BEGIN

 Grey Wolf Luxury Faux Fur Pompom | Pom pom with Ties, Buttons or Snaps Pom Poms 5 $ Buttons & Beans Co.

END
BEGIN

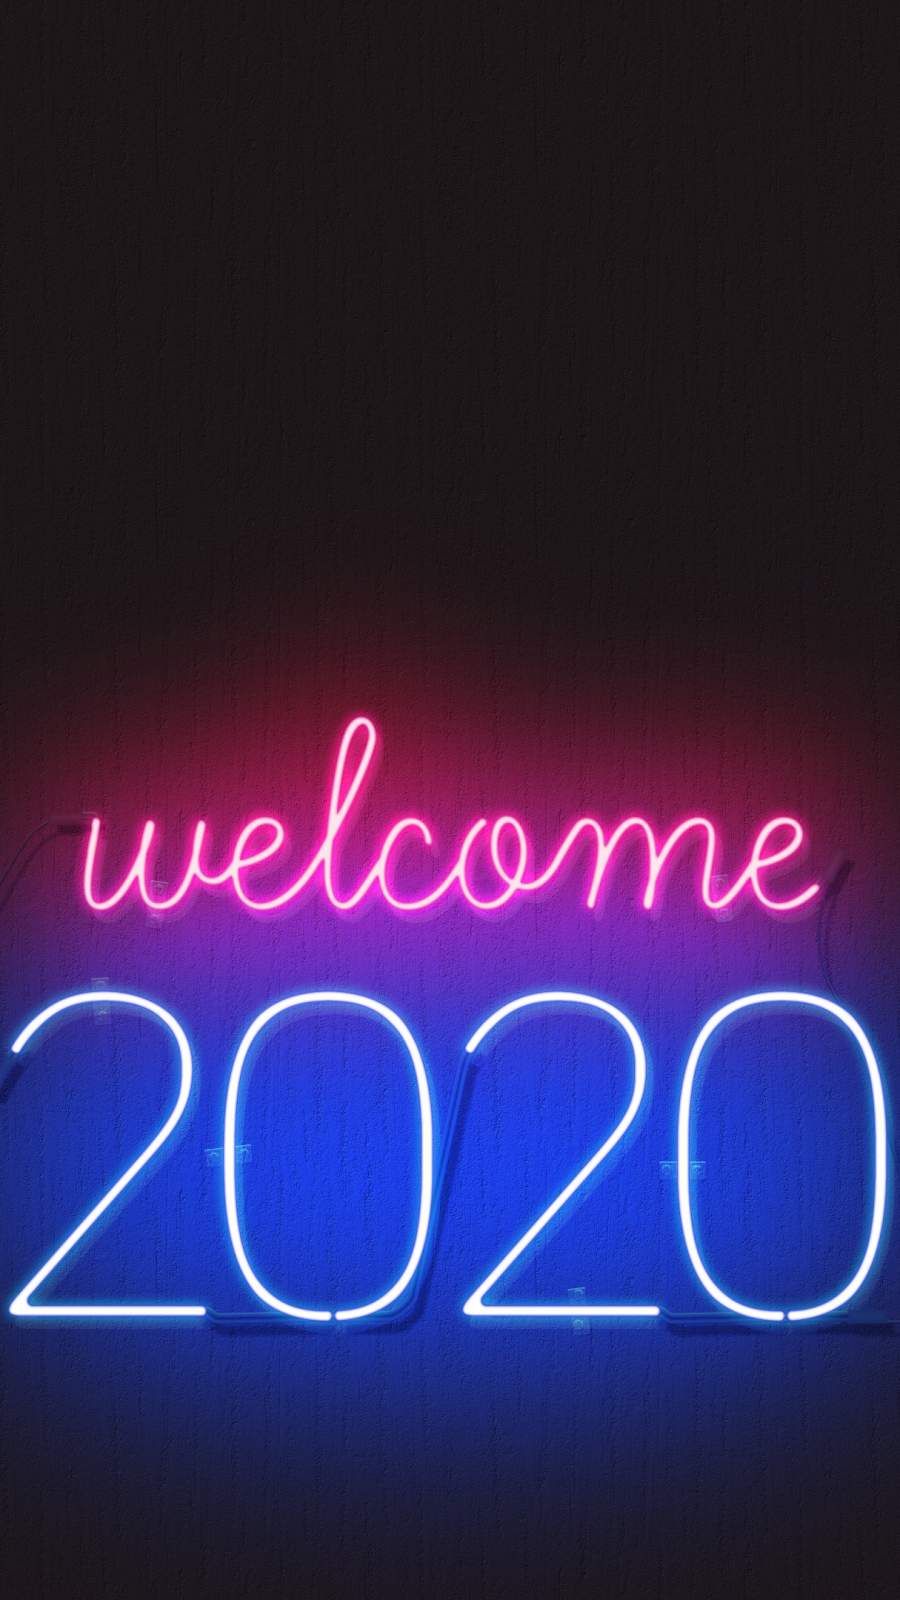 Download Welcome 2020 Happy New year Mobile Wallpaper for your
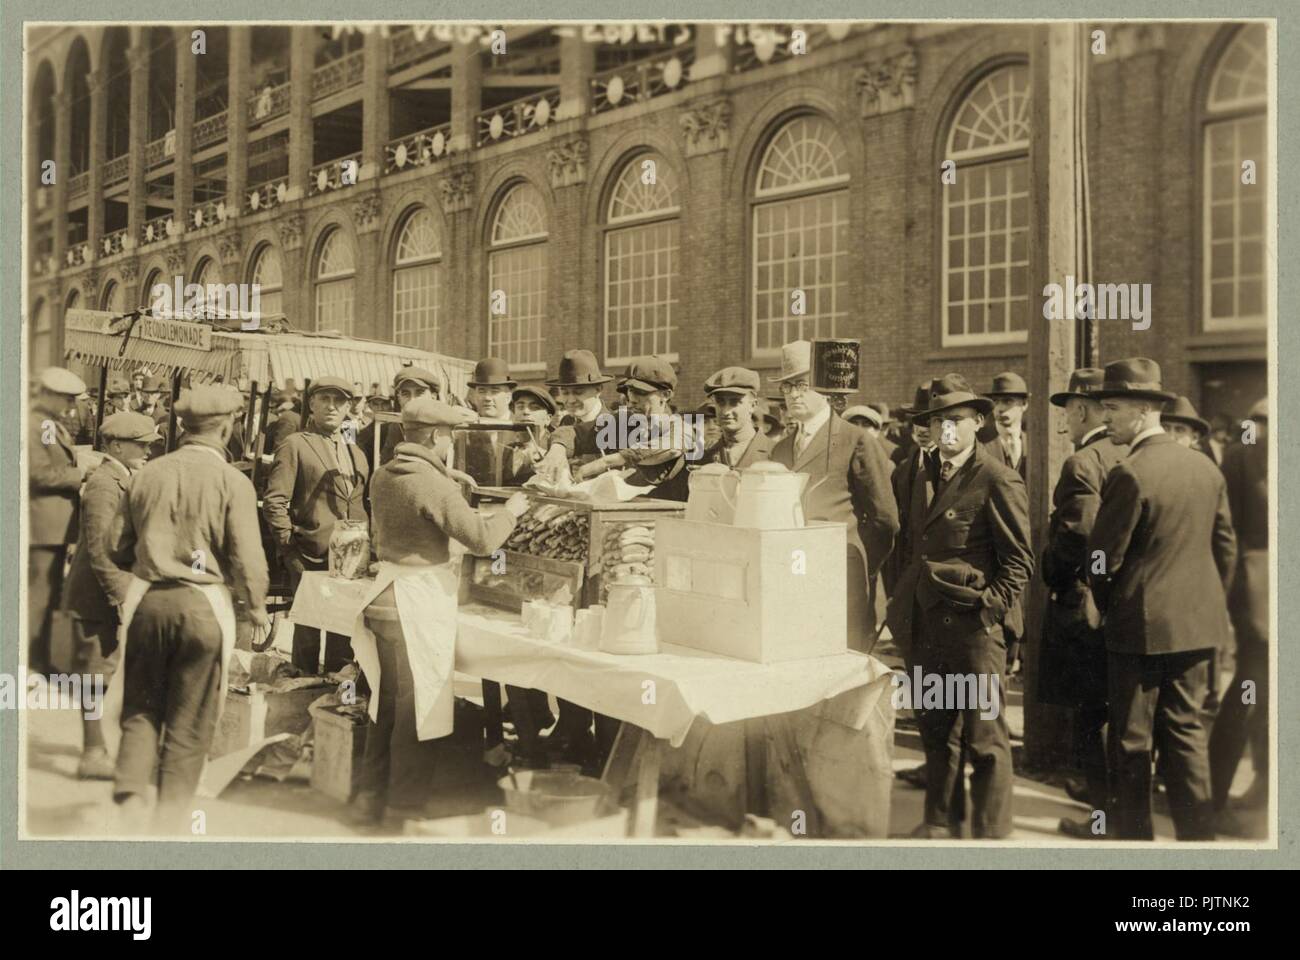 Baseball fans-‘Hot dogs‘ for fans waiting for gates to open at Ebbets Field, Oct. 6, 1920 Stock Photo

END

* [What to produce] Using the data above, give again exactly the lines starting at the one holding "Download Welcome 2020" and ending at the one holding "Baseball fans-‘Hot dogs‘", inclusive, and nothing more. Omit the pictures.

* [Result]
 Download Welcome 2020 Happy New year Mobile Wallpaper for your
 Baseball fans-‘Hot dogs‘ for fans waiting for gates to open at Ebbets Field, Oct. 6, 1920 Stock Photo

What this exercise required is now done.